Certain keys—like Alt+Tab, Cmd+Q, Win key, PrintScreen, and media keys—are intercepted by the operating system or browser before they reach the page. These OS-reserved shortcuts cannot be captured by any web application. The tool shows a Compatibility Notes section listing commonly uncapturable keys.

What is N-Key Rollover (NKRO)?

N-Key Rollover (NKRO) is the maximum number of simultaneous key presses your keyboard can reliably register. A keyboard with full NKRO can detect every key pressed simultaneously. Budget keyboards often only support 2-Key or 6-Key Rollover (2KRO/6KRO), causing missed keys or ghosting when many keys are held at once.

What is keyboard ghosting and how does this tool detect it?

Ghosting occurs when a key press is not registered because other specific keys are held simultaneously—due to hardware matrix limitations.
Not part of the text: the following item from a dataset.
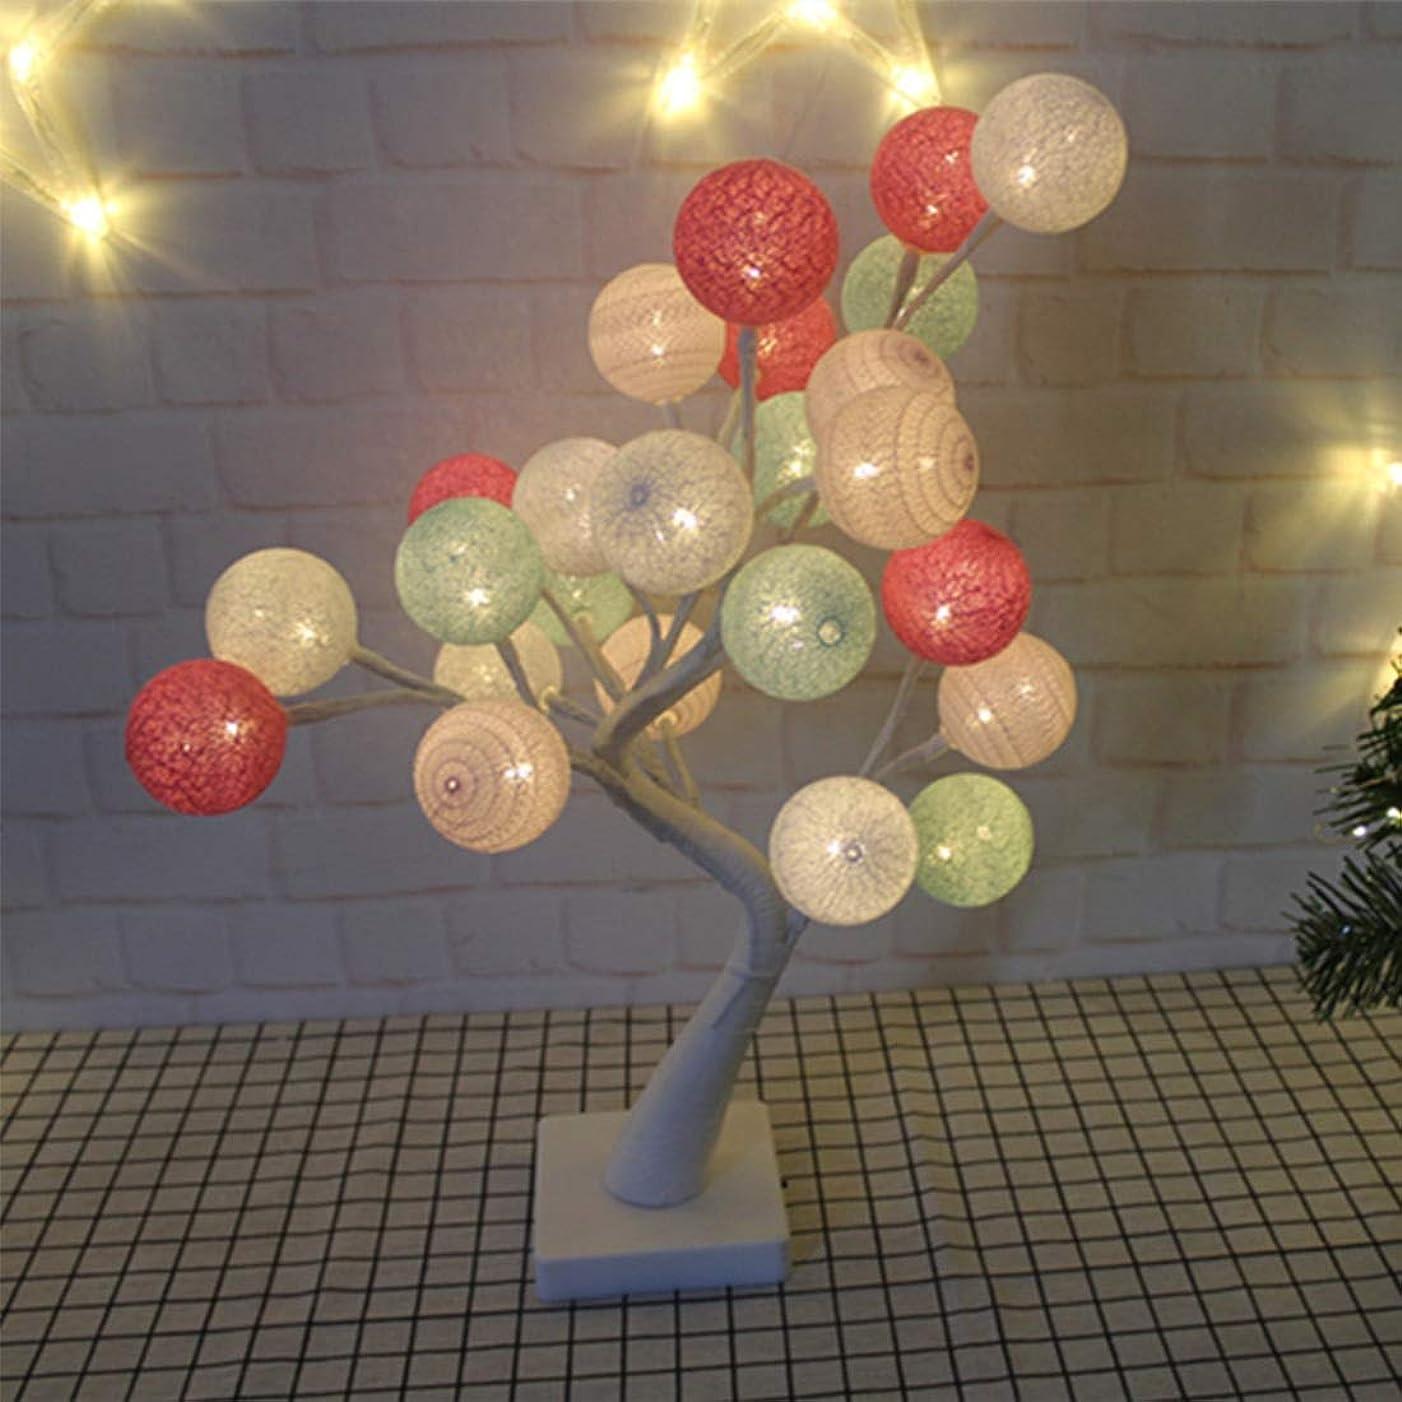 田舎者こする批判DOUGHNUT 24の暖かい白色LEDと屋内のクリスマスの装飾のために作動する電池付きのクリスマスライトコットンボールツリーテーブルランプ-17.72インチ45 Cmの表示ランプ (色 : Macaron color)

This tool tracks the set of currently-held keys and flags any chord where an expected keydown event was missing while 2+ other keys were already down. It also counts spurious (phantom) keypresses.

What is key chatter (bouncing)?

Key chatter (or bounce) is a hardware issue where a single physical key press produces multiple keydown/keyup events in rapid succession—typically within 5–30 ms. This tool detects chatter by watching for down→up or up→down transitions for the same key within the configured debounce window.

How accurate are the timing measurements?

All timestamps use performance.now() which gives sub-millisecond resolution. However, the OS keyboard driver, USB polling rate (125–8000 Hz), browser event loop, and tab throttling all introduce latency. Treat metrics like repeat rate and inter-key delay as indicative rather than exact hardware measurements.

Is it safe to use this tool? Does it record my keystrokes?

Completely safe. All processing happens entirely in your browser—no data is ever sent to a server. Keystrokes exist only in memory while the tool is open, and are cleared when you reset or leave the page. The tool's only output is statistics and displays shown directly to you.